Evaluation of Compiler-Controlled Updating to Reduce Coherence-Miss Penalties
in Shared-Memory Multiprocessors
J. Skeppstedt, F. Dahlgren, P. Stenström
Journal of Parallel and
Distributed Computing, v 56, n 1, February, 1999, p122-143 (ID jpdc.1998.1510)
Copyright © 1999 Academic Press
Abstract
We consider in this paper the effectiveness of a new approach called compiler-controlled
updating to reduce coherence-miss penalties in shared-memory multiprocessors.

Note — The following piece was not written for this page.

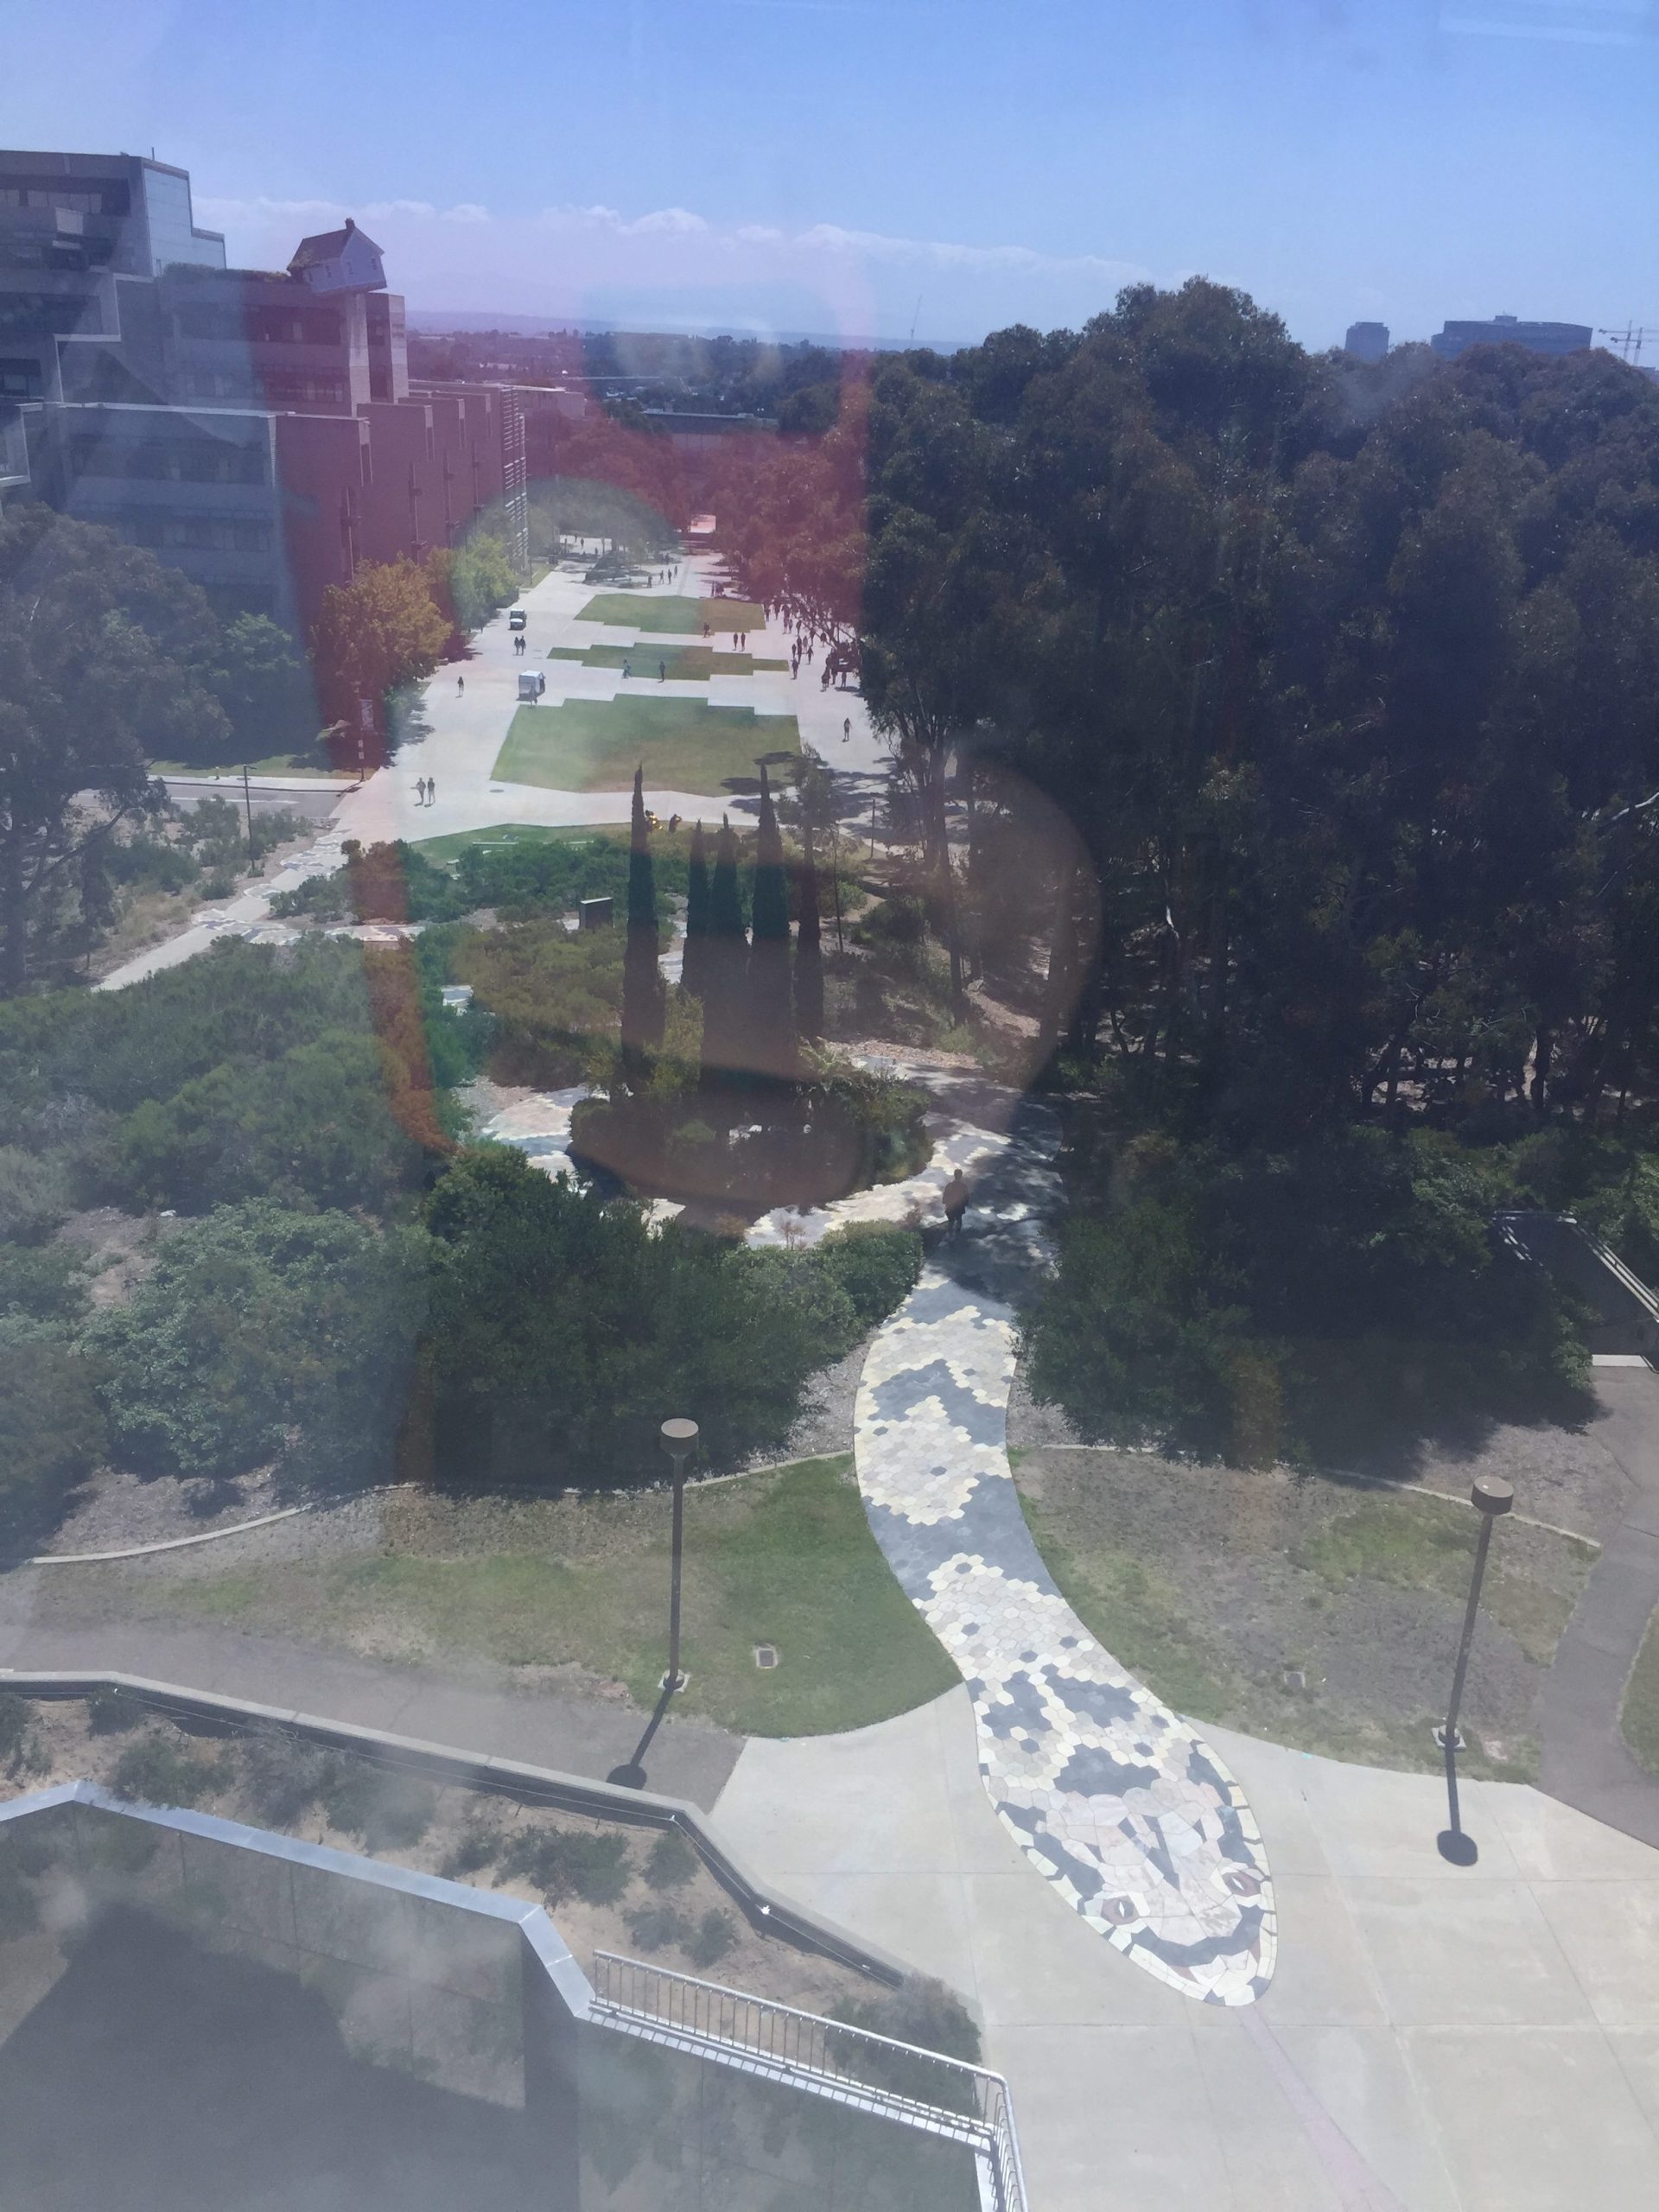 Geisel Library whimsical design — one of the nicest libraries in the world (UCSD)

A key part of the method is a compiler algorithm that identifies the last
store instruction to a memory block in a flow graph using classic dataflow
analysis techniques. Such stores are marked and replaced by update instructions
that at run time make the memory copy clean. Whereas this static method
shortens the read-miss latency for actively shared blocks, it can cause
useless traffic for shared blocks that are effectively private. We therefore
complement the static analysis with a dynamic simple heuristic in the cache
coherence protocol aiming at classifying blocks as private or shared at
run time. We evaluate the performance effects of compiler-controlled updating
using six scientific parallel applications compiled by an optimizing compiler
that incorporates our static analysis and then running them on a detailed
CC-NUMA architectural simulation model. We have found that the compiler
algorithm can convert between 83 and 100% of the dirty misses into clean
misses. By adding the private/shared heuristic, the update traffic of private
memory blocks can be practically eliminated. Overall, the static analysis
in combination with the dynamic heuristic is shown to reduce the execution
time by as much as 32%.